Without a couragous press to speak up and challenge the powerful our democracy is placed in greater jepordy than ever before. We sorely need a better class of journalists, a more vocal and strong willed Democratic opposition, men and women who are willing to risk the anger, the mockery, and the brickbats of the powerful when they are opposed. And an opposition party that knows how to oppose.

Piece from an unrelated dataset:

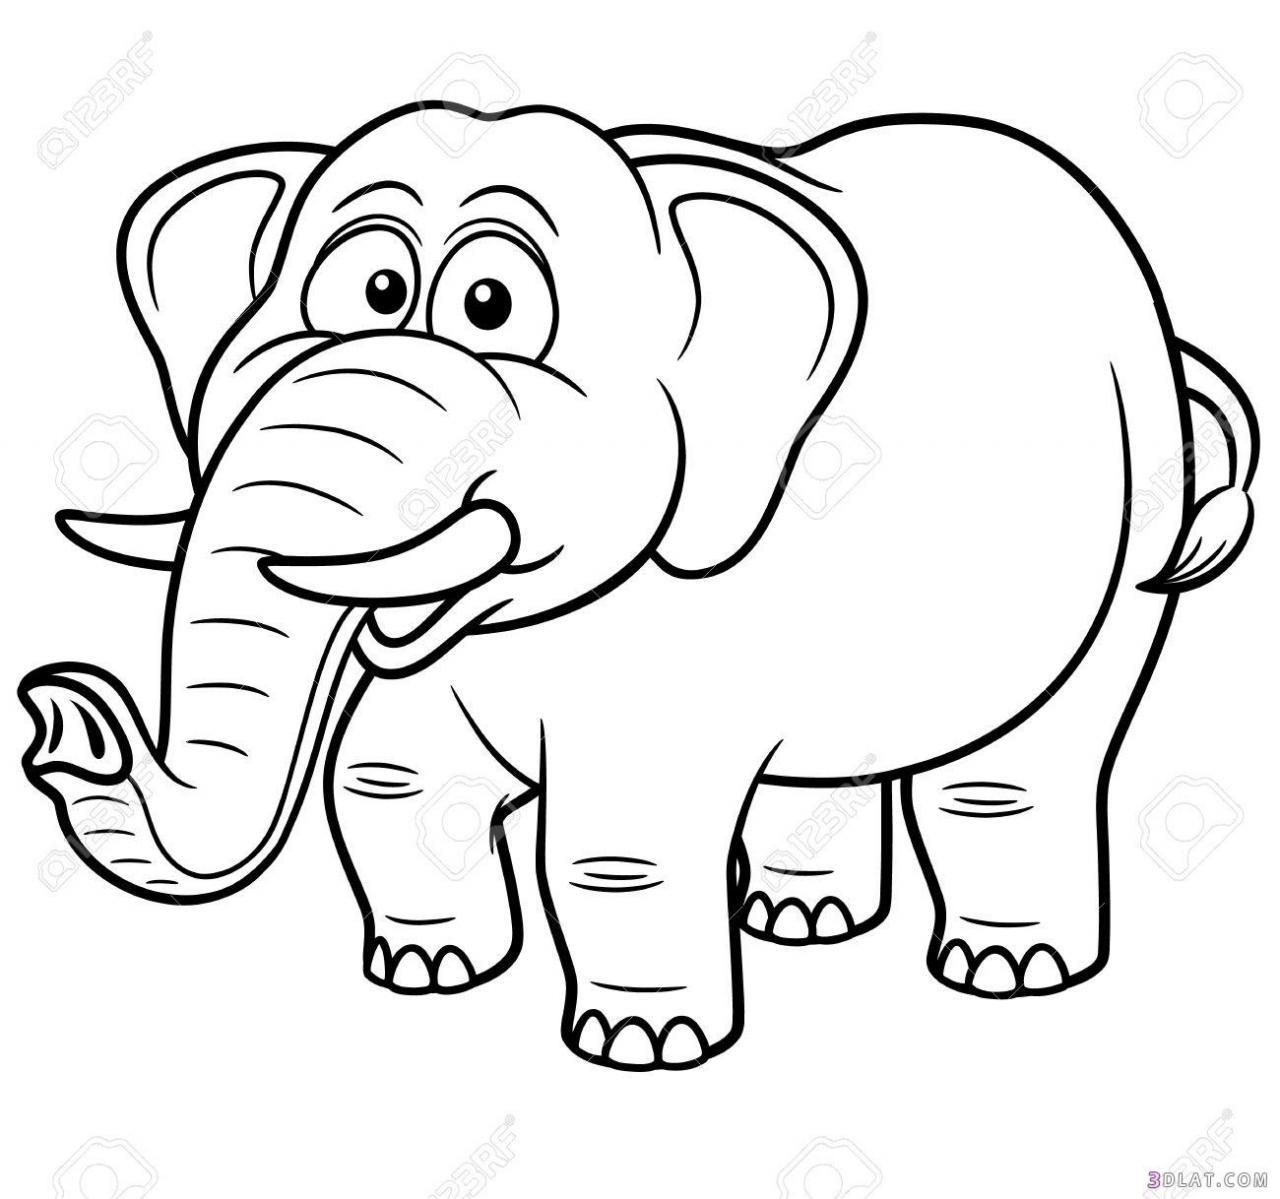 صورة رسومات اطفال للتلوين حيوانات , التلوين بينمى المهارات

I have no special qualifications for making the above comments other than having lived awhile, read a little, and formed some opinions. I'm writing this blog because I have a desire to share my feelings and ideas with others, based on a life that has spanned seven decades. At other times I will talk about books, music, movies museums and theatre, subjects in which I have some knowledge, and cast an inquiring eye on anything I think worth writing about from Cristo's gates to the overdose of fashion consciousness in our society that corrupts and devalues people as it objectifies them. It gets lonely sitting here burdened with all these opinions so I will give them an airing on this blog from time to time. I welcome your comments. Sherman

Thursday, March 03, 2005

A new beginning

I have had the most wonderful day celebrating myself on my new webpage. I recommend it to anyone who needs a lift in this cold winter. I welcome all my friends, family, and curious strangers who might wish to see what today brings in the way of my snap judgments and words of wisdom.